[vox-tech] Nifty macro expansion bug
Gabriel G. Rosa
grosa at ucdavis.edu
Thu Jan 18 17:27:20 PST 2007
On Thu, Jan 18, 2007 at 04:14:22PM -0800, Bill Kendrick wrote:
>
> So at work, a coworker noticed an issue with the following code:
>
> for (i = 0; i < n; i++)
> myFREE(foo[i]);
>
> which went away when he wrapped it in braces:
>
> for (i = 0; i < n; i++)
> {
> myFREE(foo[i]);
> }
>
> Figured maybe it was a weird compiler bug. Being author of the myFREE()
> code -- which happens to be a macro -- I realized immediately what I did
> wrong. (And continue to be annoyed with C syntax ;) )
>
> See, myFREE() is actually a macro that looks like this:
>
> #define myFREE(x) if ((x) != NULL) FREE(x); x = NULL;
>
> Two statements... hence the need for {} around the call to the macro.

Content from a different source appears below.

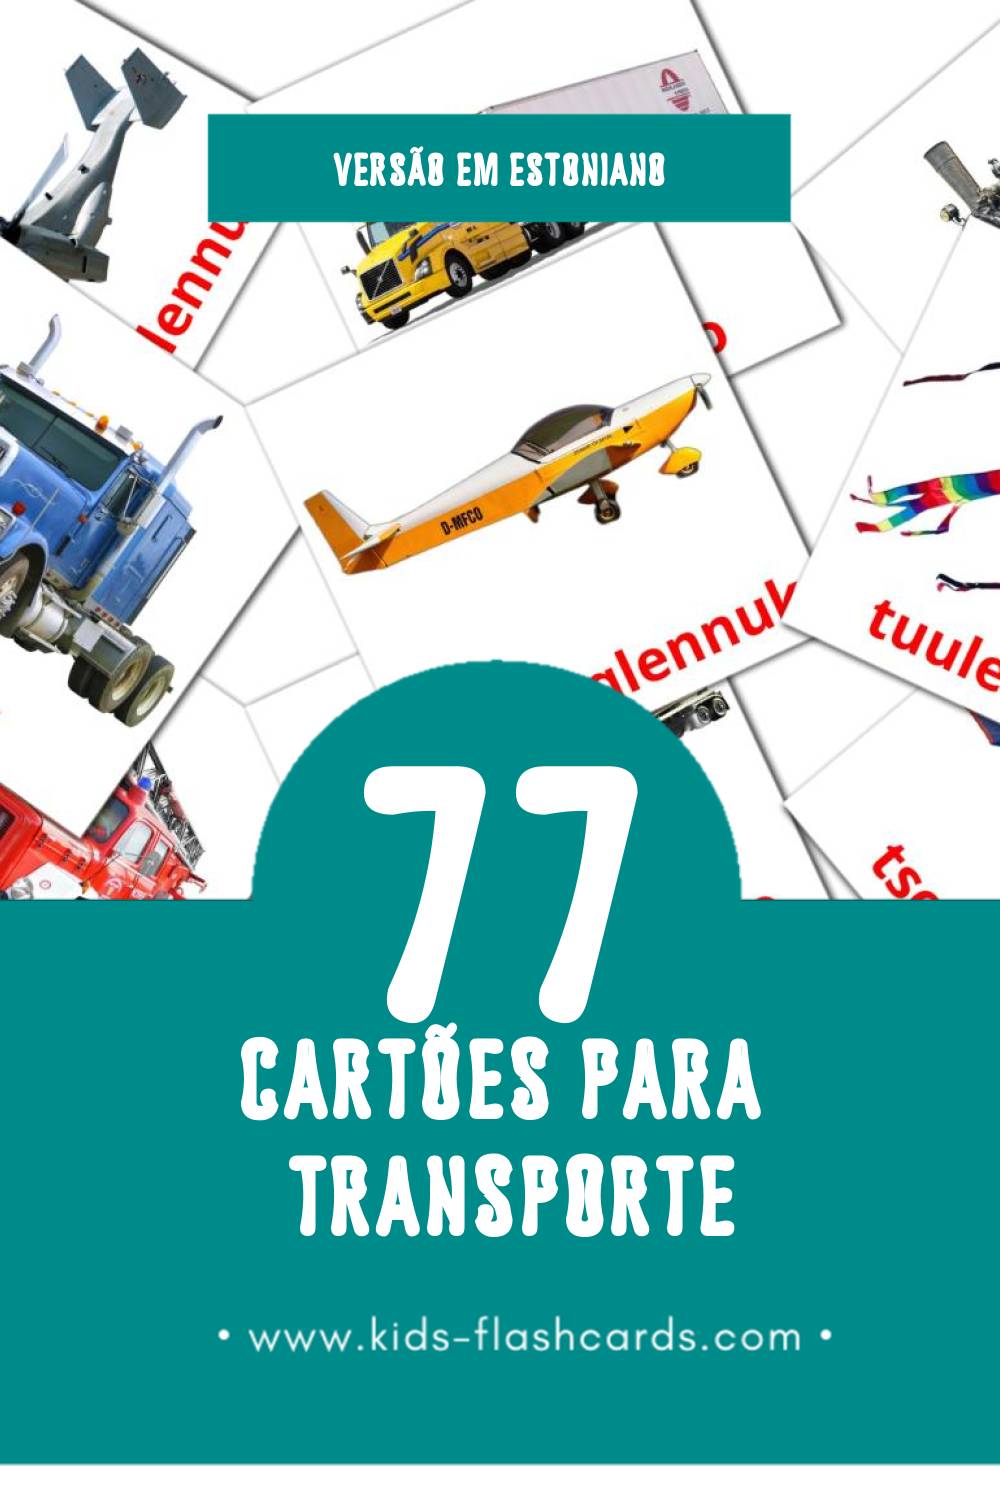 Flashcards de Transport Visuais para Toddlers (77 cartões em Estoniano)
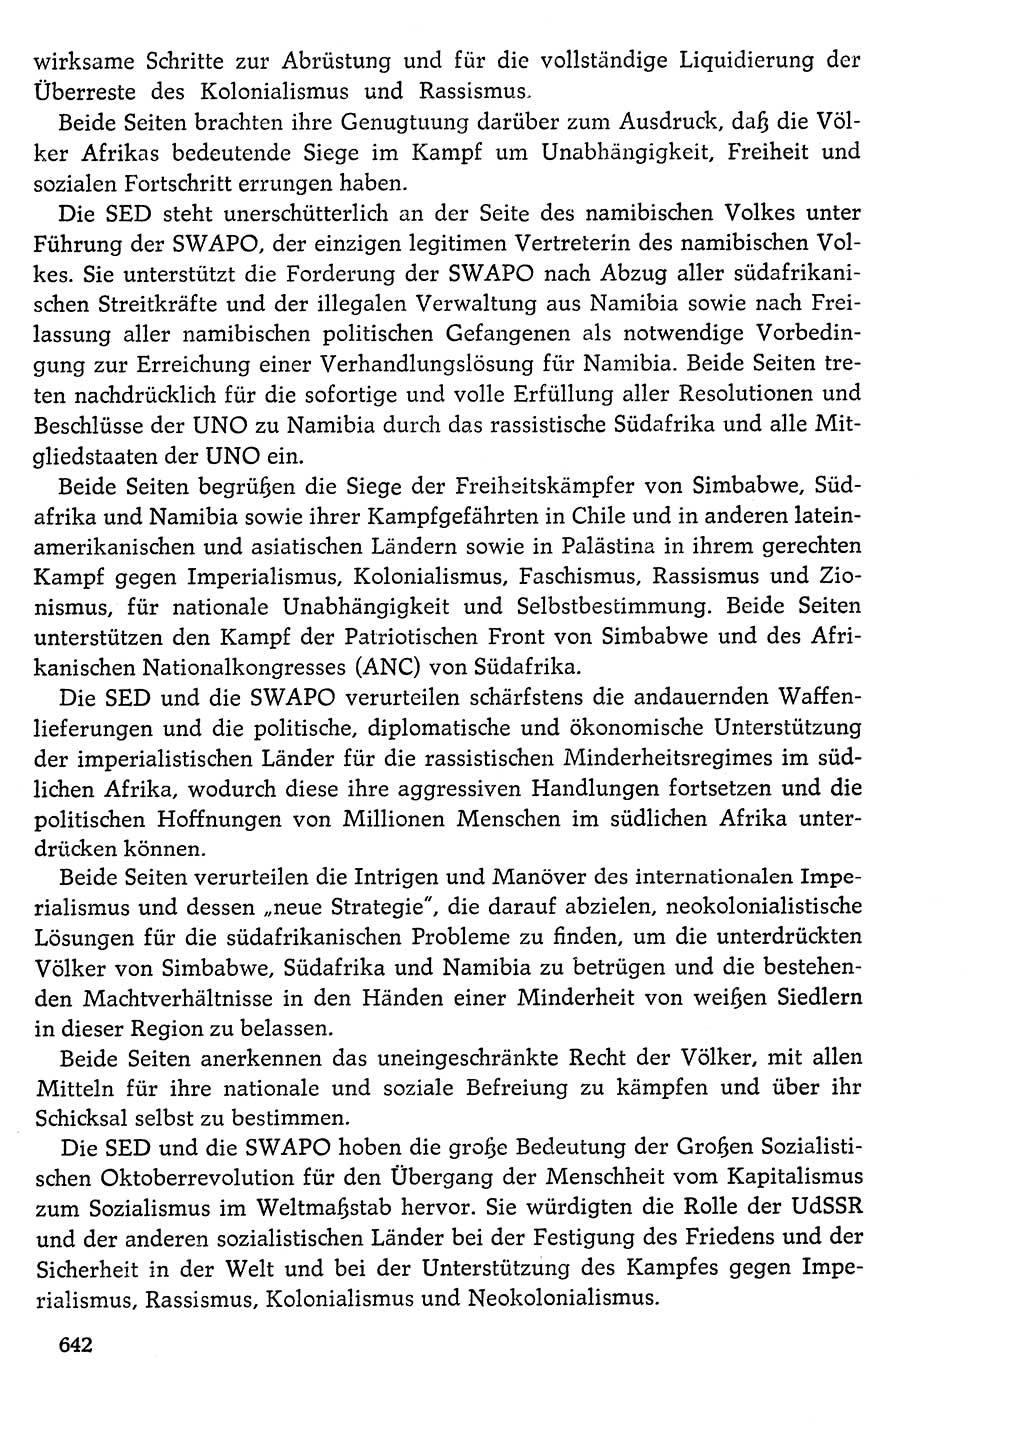 Dokumente der Sozialistischen Einheitspartei Deutschlands (SED) [Deutsche Demokratische Republik (DDR)] 1976-1977, Seite 642 (Dok. SED DDR 1976-1977, S. 642)

> (Or, more sensibly, including {}s around what the macro expands to.)
>
> That was a neat catch. :)
>
I believe the standard way of doing macros in the linux kernel is to use a
bogus do-while, ie:
#define CRASHMACHINE() do { laughtAtUser(); crashMachine(); } while(0);
that way, any expansion like:
if(completelyRandomCondition())
CRASHMACHINE();
doesn't end up being expanded as:
if(completelyRandomCondition())
laughAtUser(); crashMachine();
^ oops, outside of if scope
but as
if(completelyRandomCondition())
do ( laughAtUser(); crashMachine(); } while(0);
which will execute once and only once.
I saw a good post on this once, but I can't really remember where.